The Power of the Quiet Voice

When shouting is getting you nowhere, try this.

Katherine
Katherine
23 December, 2022

We’ve all been there. Those times when you’re trying to get the attention of the class but all that’s happening is your students are getting louder, then you’re getting louder and they’re matching your volume right back at ya.

Your voice is white noise.

Instead of fighting fire with fire, try some ice. Try using a quiet voice.

Lowering your voice can have the powerful desired effect of getting your students’ attention. When you speak quietly, it gives students the impression that you’re sharing a secret, something important that you don’t want everyone to hear. It’s captivating. And sometimes you’ll get that ripple effect of a hush descending over the classroom.

And students are hanging on your every word.

When you deliver instructions in a calm voice, you project that you are in control; that you have a handle on your own emotions and the situation.

Now, even if you don’t get this full-blown magical effect that I’ve just described, the difference you might notice is that students come to match your quiet energy when you lower your voice. The wild, noisy energy of shouting to get their attention is replaced with an aura of control, patience and focus.

We see this matching of energy in our daily lives; when we get greeted with a smile and unbounded enthusiasm, we are more likely to relax and engage in a positive way; when we’re snappy and irritable, we’re likely to get a similar response back; when we walk into a library with nothing but the sounds of pages turning and brains ticking, it’s pretty likely we’ll follow suit.
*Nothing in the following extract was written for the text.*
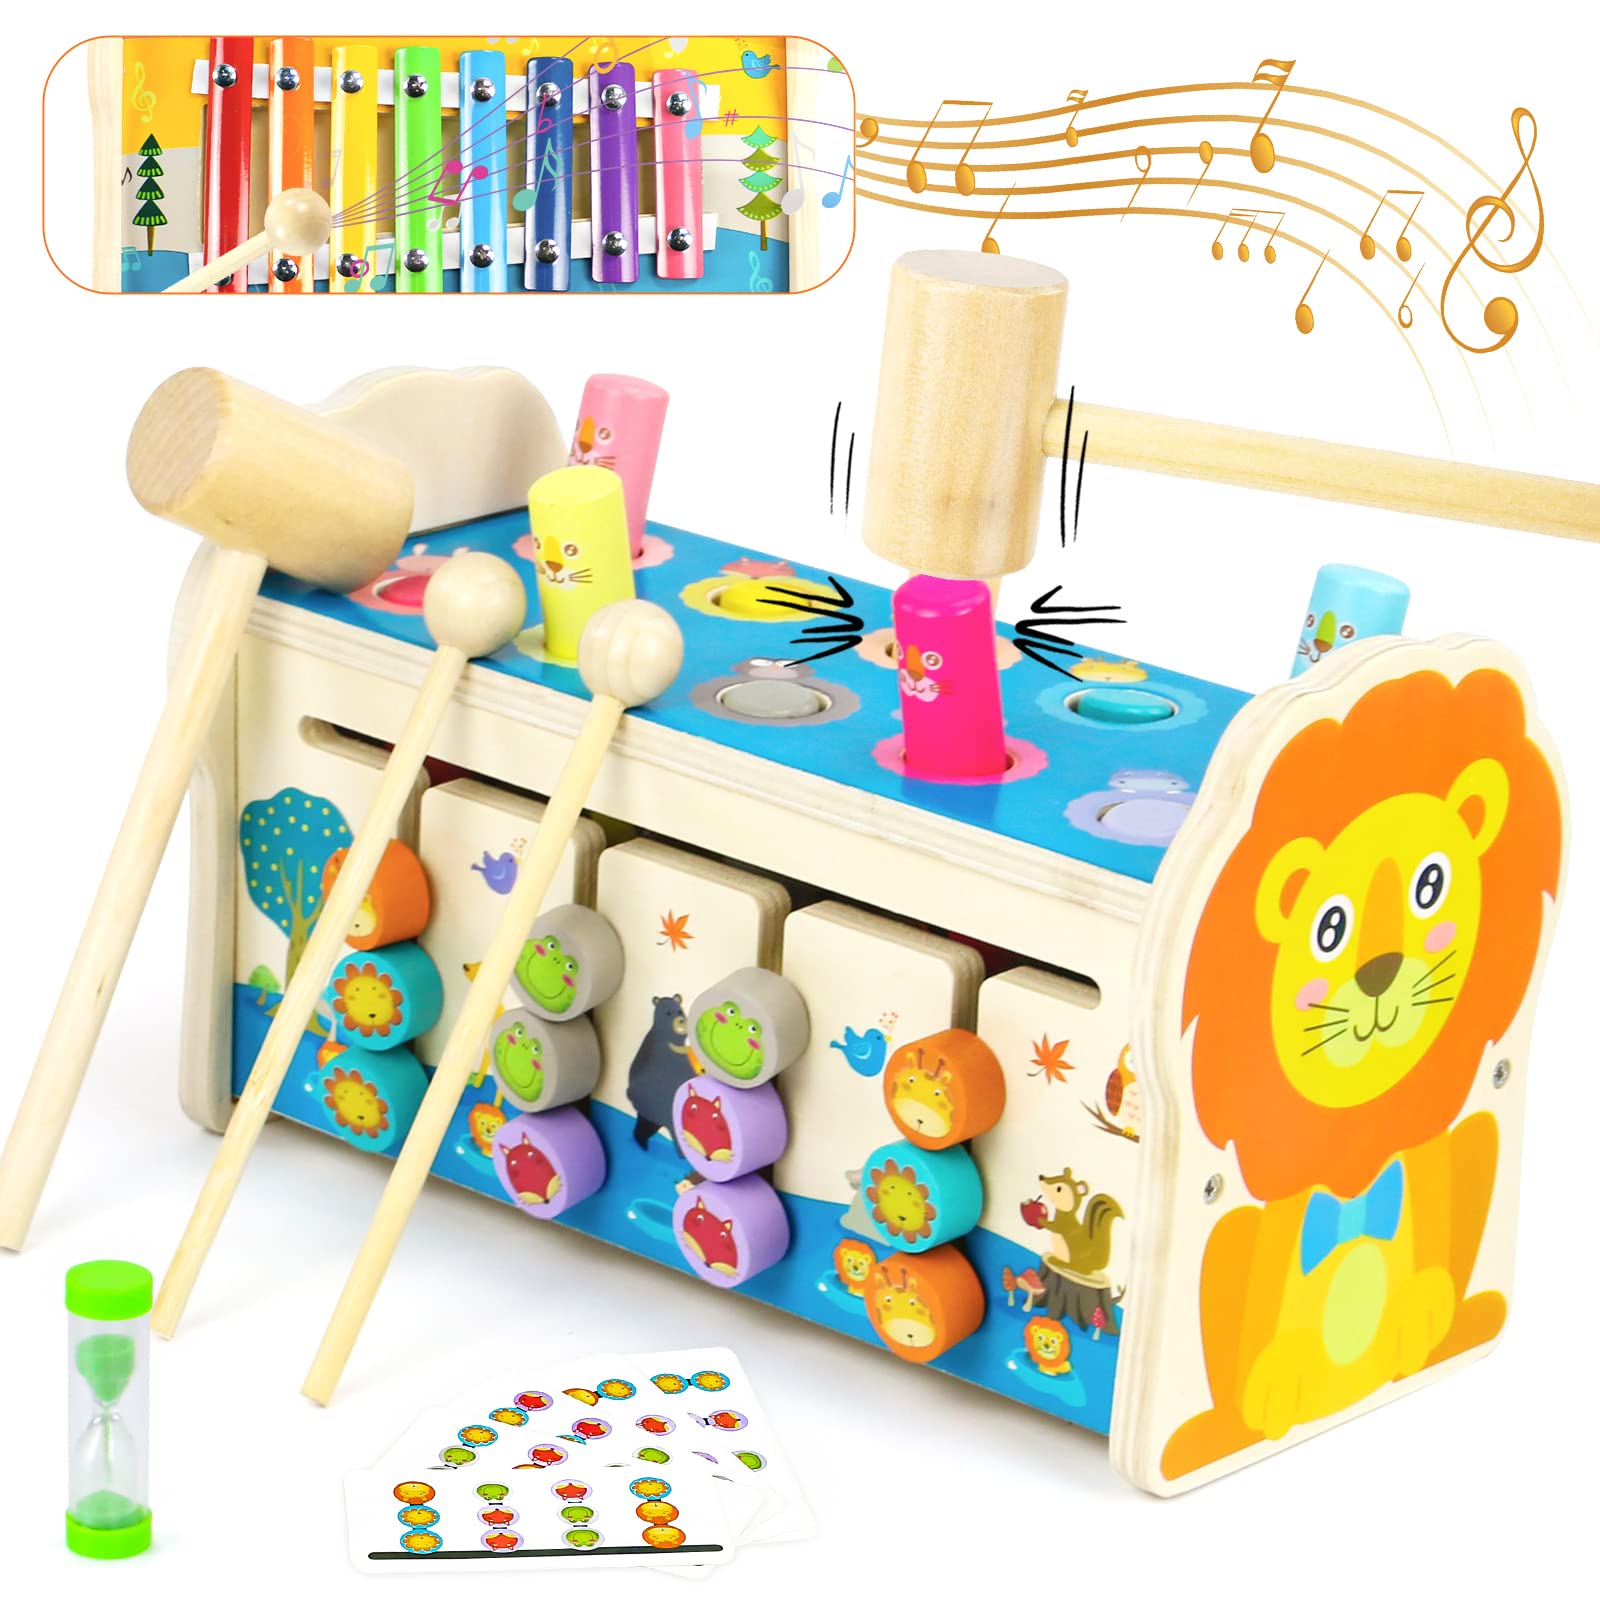 知育玩具 モンテッソーリ 木琴 ハンマートイ 3 IN 1 木のおもちゃ おもちゃ 女の子 男の子 子供 誕生日ランキング 早期開発 指先訓練 音

You know the old saying ‘What you put out is what you get back’.

As a teacher, YOU have the power to set the tone of your classroom. If you’re running around in a flap or shouting from your reclined desk chair, are you creating calmness or chaos? What will your students mirror back at you?

Picture yourself back in that shouting battle that I described at the start of this piece. Now ask yourself:

What am I projecting?

And, what would I like to see back?

I’ll leave it to you to make those two pictures match.